• **Stored entries**
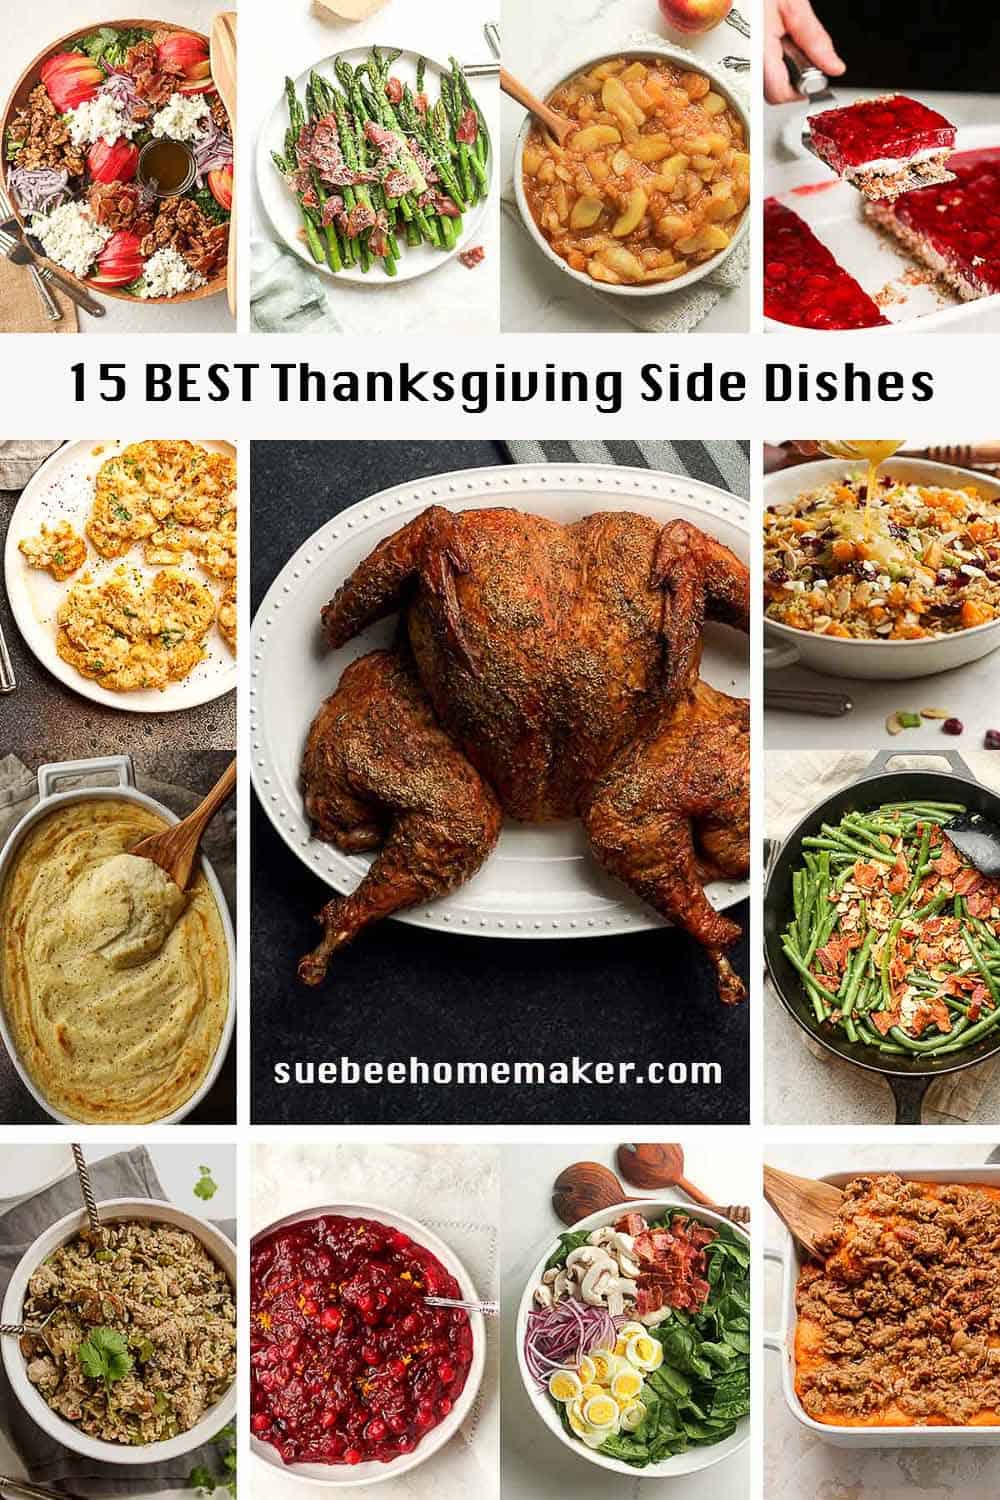 15 BEST Thanksgiving Side Dishes!
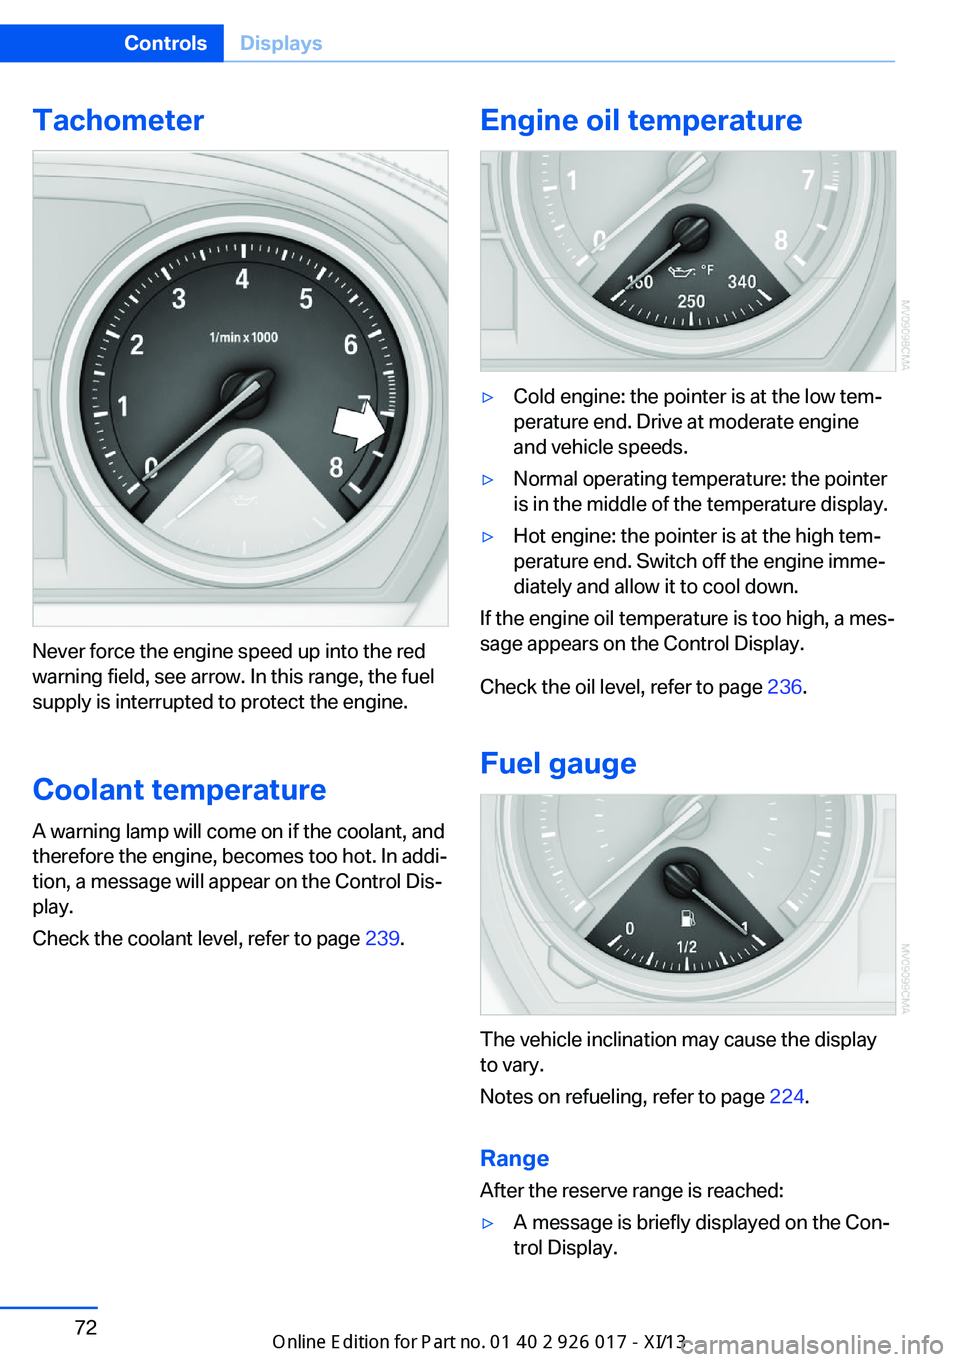 BMW Z4 2013 E89 Owners Manual Tachometer
Never force the engine speed up into the red
warning field, see arrow. In this range, the fuel
supply is interrupted to protect the engine.
Coolant temperature A warning lamp will come on i
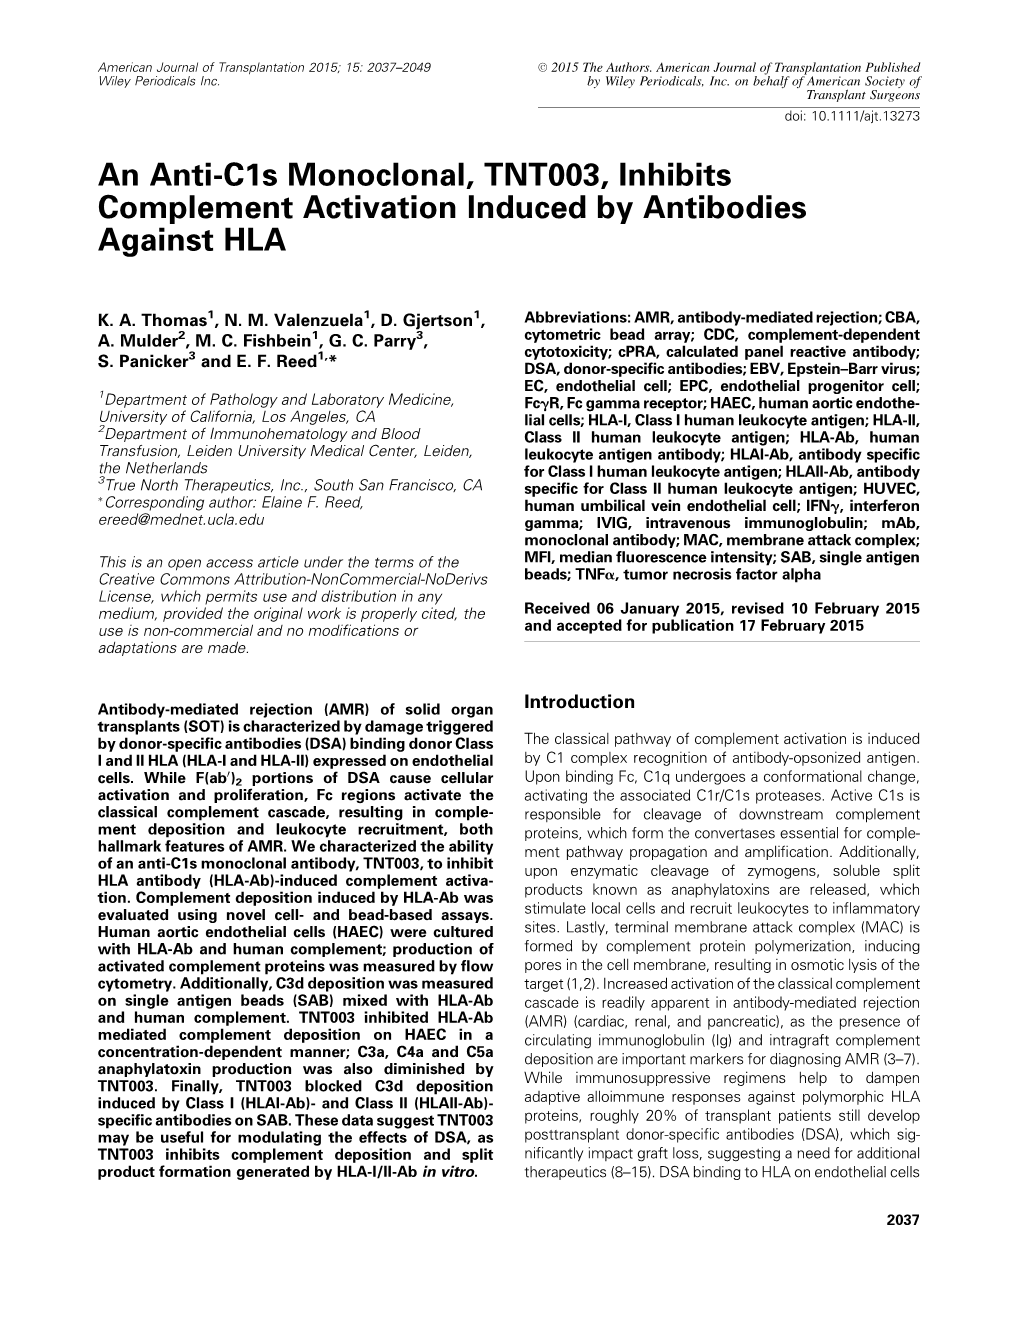 An Anti-C1s Monoclonal, TNT003, Inhibits Complement Activation Induced by Antibodies Against HLA
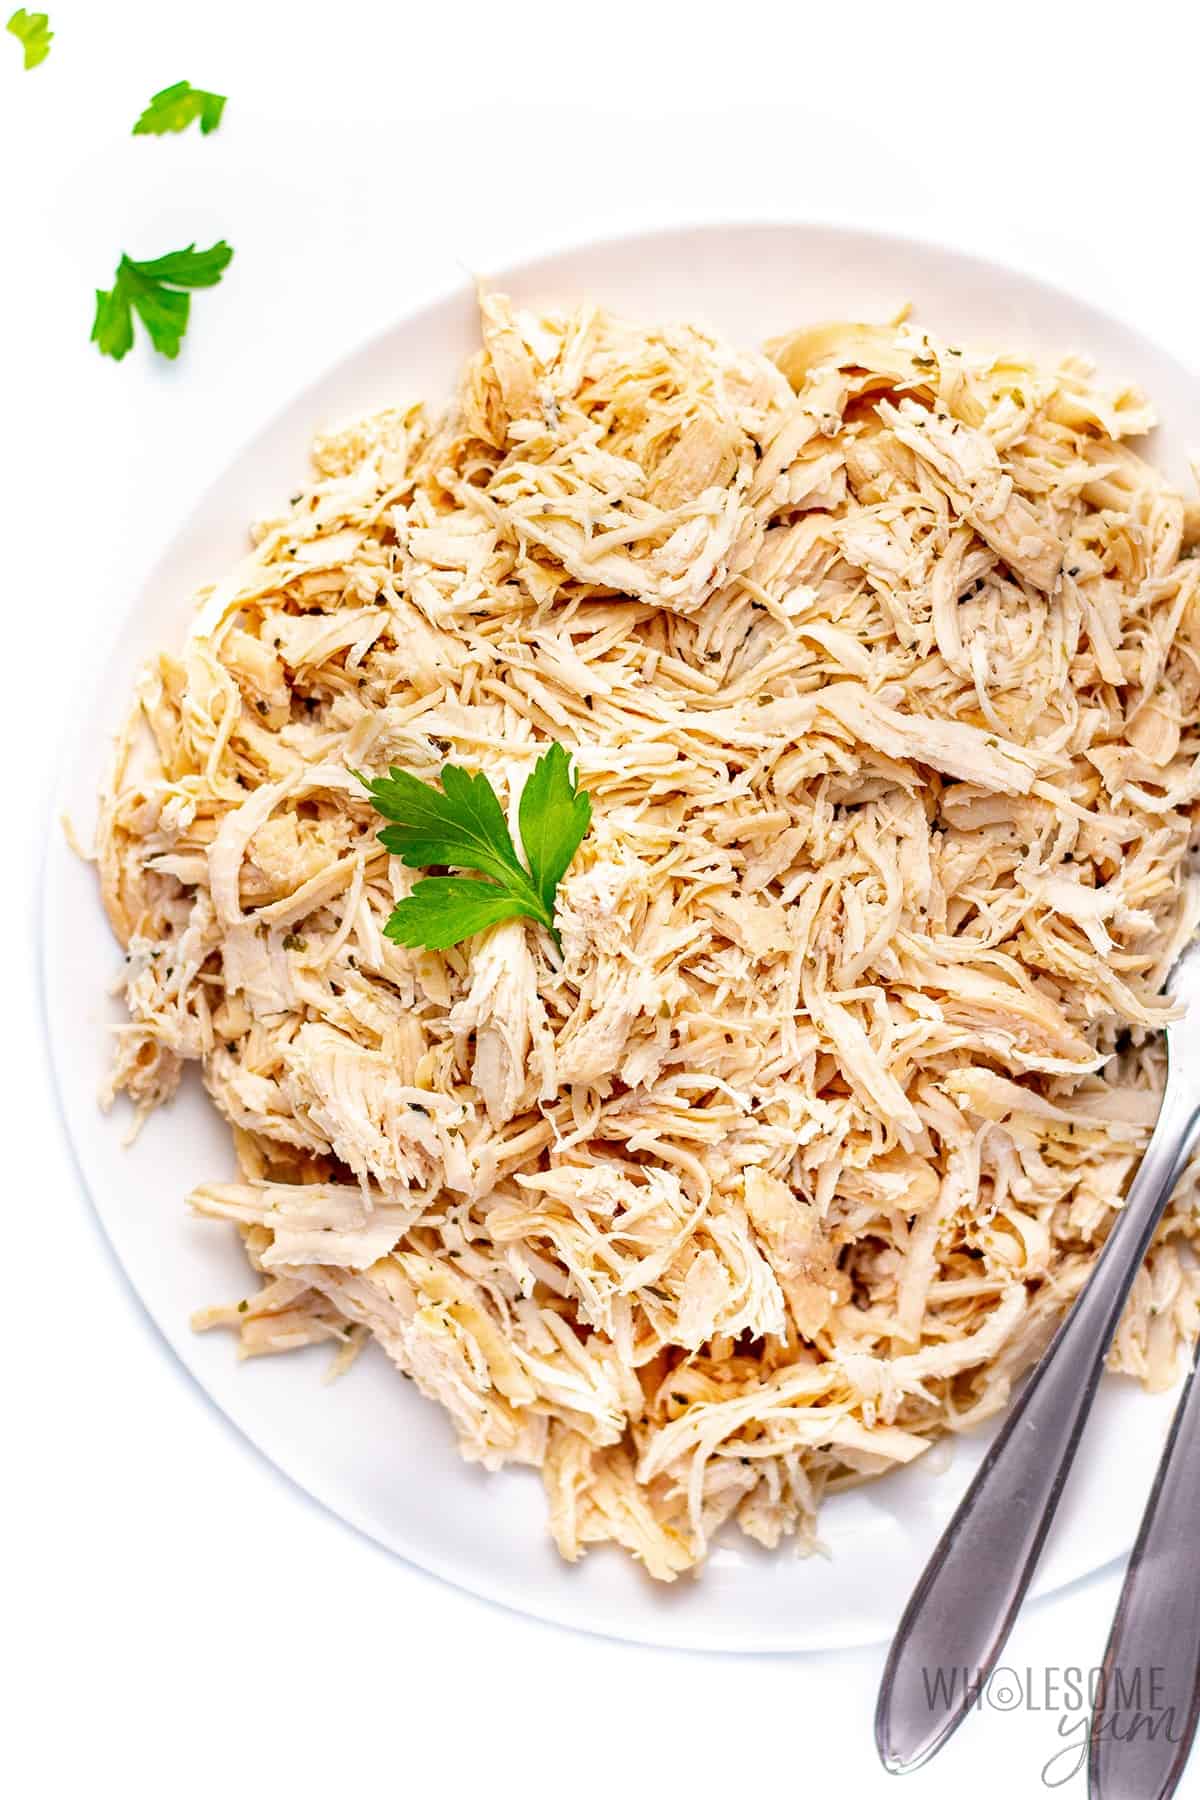 Shredded chicken breast on a plate.
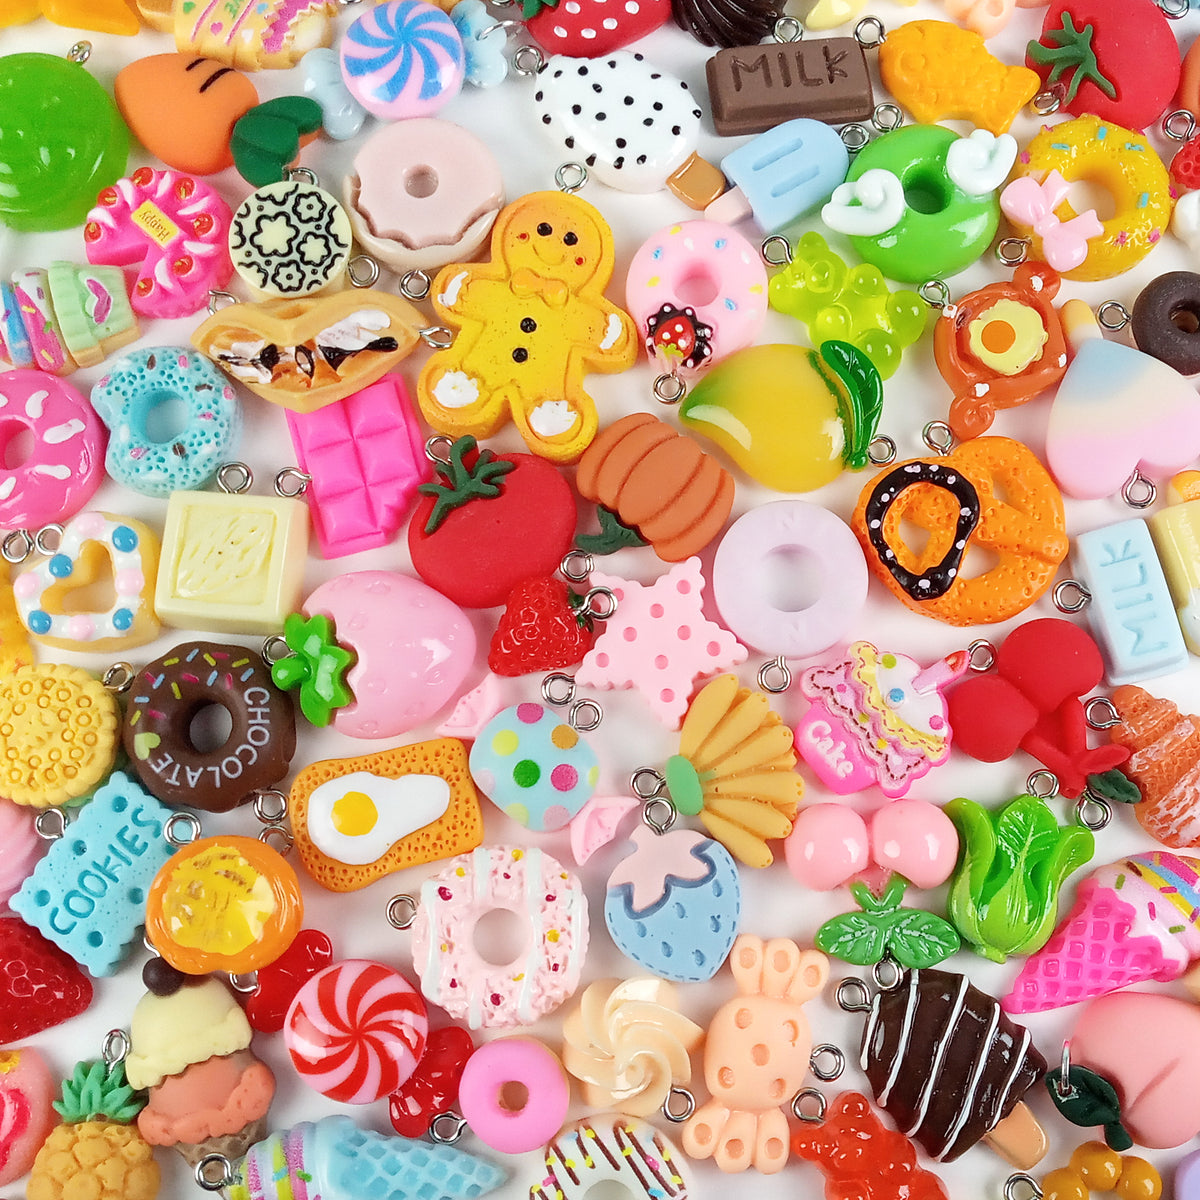 BULK Super Kawaii Bread Pastel Charms for Slime, Bread Assorted

• **REQUIRED ACTION**
Within the data above, how many lines include the string "engine"? Only the number is required.

• **RESPONSE BELOW**
2